Question

Two solids dissociated as follows
${ A(s)\rightleftharpoons B(g)+C(g);\quad { K }_{ p_{ 1 } } }={ x atm }^{ 2 }$
${ D(s)\rightleftharpoons C(g)+E(g);\quad { K }_{ p_{ 2 } } }={ y atm }^{ 2 }$
The total pressure when both the solids dissociate simultaneously is:
a.) ${ x }^{ 2 }{ +y }^{ 2 }{ atm }$
b.) $\sqrt { { x }^{ 2 }-{ y }^{ 2 } } { atm }$
c.) ${ 2\sqrt { x+y } }{ atm }$
d.) ${ \sqrt { x+y } }{ atm }$

Answer 1

Hint: According to the ideal gas equation, “pressure is directly proportional to the concentration, at constant temperature and volume.” So, we can write our equilibrium pressure in terms of the partial pressure of the gas.

Complete step by step answer:
According to the ideal gas equation, we have
${ PV=nRT }$
or ${ P=n/VRT }$
or ${ P=cRT }$ [Since, { c=n/V }]
where, P = pressure
V = volume
n= number of moles
R = gas constant
T = temperature in Kelvin
c = concentration

The total pressure at equilibrium;
${ A(s)\rightleftharpoons B(g)+C(g);\quad { K }_{ p_{ 1 } } }={ x atm }^{ 2 }$
 where, ${ K }_{ p }$ =equilibrium constant
So, ${ K }_{ p }={ P }_{ B }+{ P }_{ C }$
${ D(s)\rightleftharpoons C(g)+E(g);\quad { K }_{ p_{ 2 } } }={ y atm }^{ 2 }$
${ K }_{ p }{ ={ P }_{ c } }{ +P }_{ E }$

Since these two reactions are occurring simultaneously and both A and D dissociates into C, so, C will become ${ P }_{ 1 }{ +P }_{ 2 }$
Hence, the equilibrium constant for both the reactions can be written as;

${ x={ P }_{ 1 }({ P }_{ 1 } }{ +P }_{ 2 }{ ) }$……………….(1)
${ y=({ P }_{ 1 } }{ +P_{ 2 } }){ P }_{ 2 }$……………(2)

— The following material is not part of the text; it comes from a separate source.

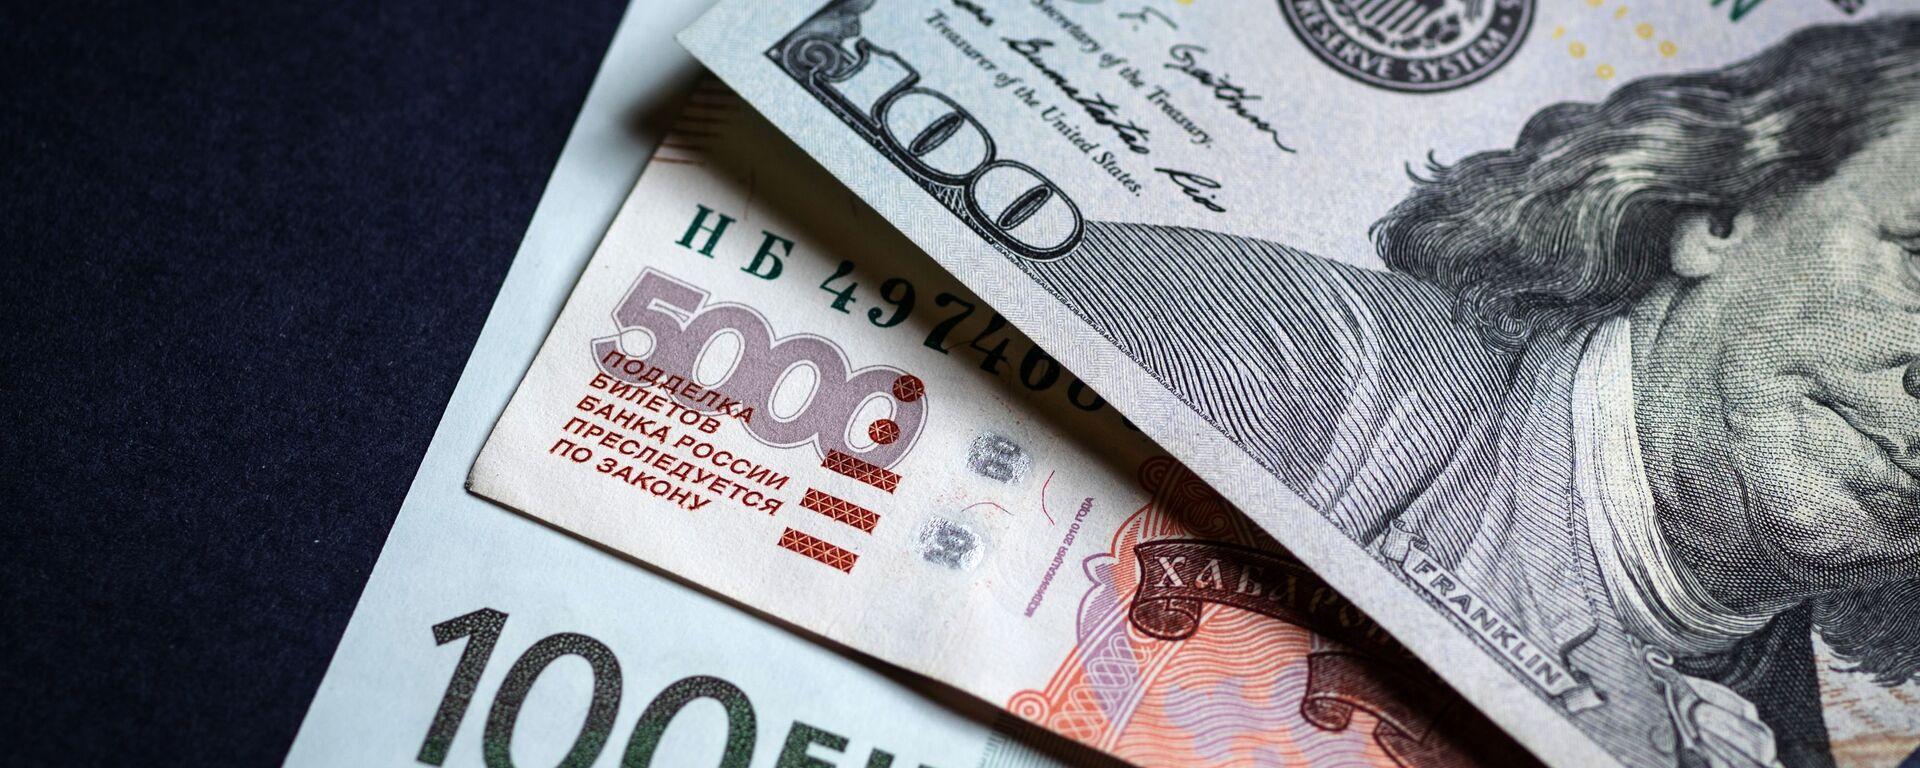 Курс иностранной валюты  - Sputnik Таджикистан, 1920, 22.08.2021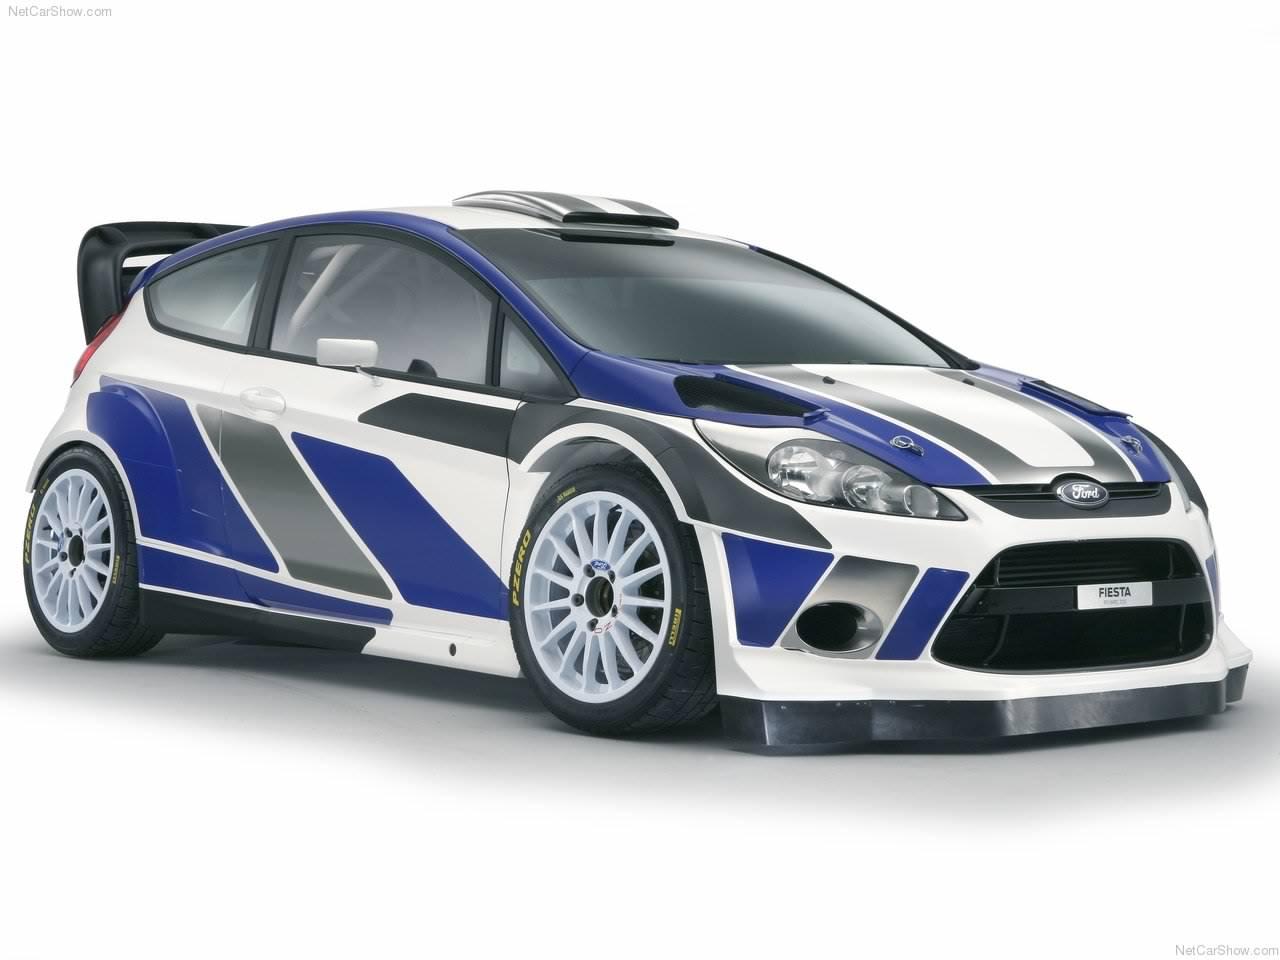 http://3.bp.blogspot.com/_1vrTNYggO-A/TQ3F8rxx6PI/AAAAAAAAAEk/0zr7Pgr6cAc/s1600/Ford-Fiesta_RS_WRC_2011_1280x960_wallpaper_03.jpg

Now, adding equation 1 and 2;
${ x+y=P }_{ 1 }{ (P }_{ 1 }{ +P }_{ 2 }{ )(P }_{ 1 }{ +P }_{ 2 }{ )P }_{ 2 }$
${ x+y =({ P }_{ 1 } }{ +P }_{ 2 }{ ) }{ +(P }_{ 1 }{ +P }_{ 2 }{ ) }$
${ x+y=({ P }_{ 1 } }{ +P }_{ 2 })^{ 2 }$
The total pressure will be given below;
${ P }_{ T }{ =P }_{ B }{ +P }_{ C }{ +P }_{ E }$
= ${ 2({ P }_{ 1 } }{ +P }_{ 2 }{ ) }$
${ P }_{ T }={ 2\sqrt { x+y } }{ atm }$
So, the correct answer is “Option C”.

Additional Information:
The partial pressure of a gas is a measure of the thermodynamic activity of the gas molecules.
Gases dissolve, diffuse and react according to their partial pressures, and not according to their concentration in gas, mixtures, or liquids.
For example: If the vessel is filled with different non-reactive gases in the state of thermal equilibrium, the total pressure of the mixture of the gases is equal to the sum of pressure of individual gases.
Dalton’s Law:- According to this law, “the total pressure of a mixture of gases is equal to the sum of the partial pressure of the individual gases in the mixture.”

Note: The possibility to make a mistake is that you may take the concentration but we have to take the partial pressures of the gases. Also, Dalton’s Law is only applicable when the gases in the mixture do not react with each other.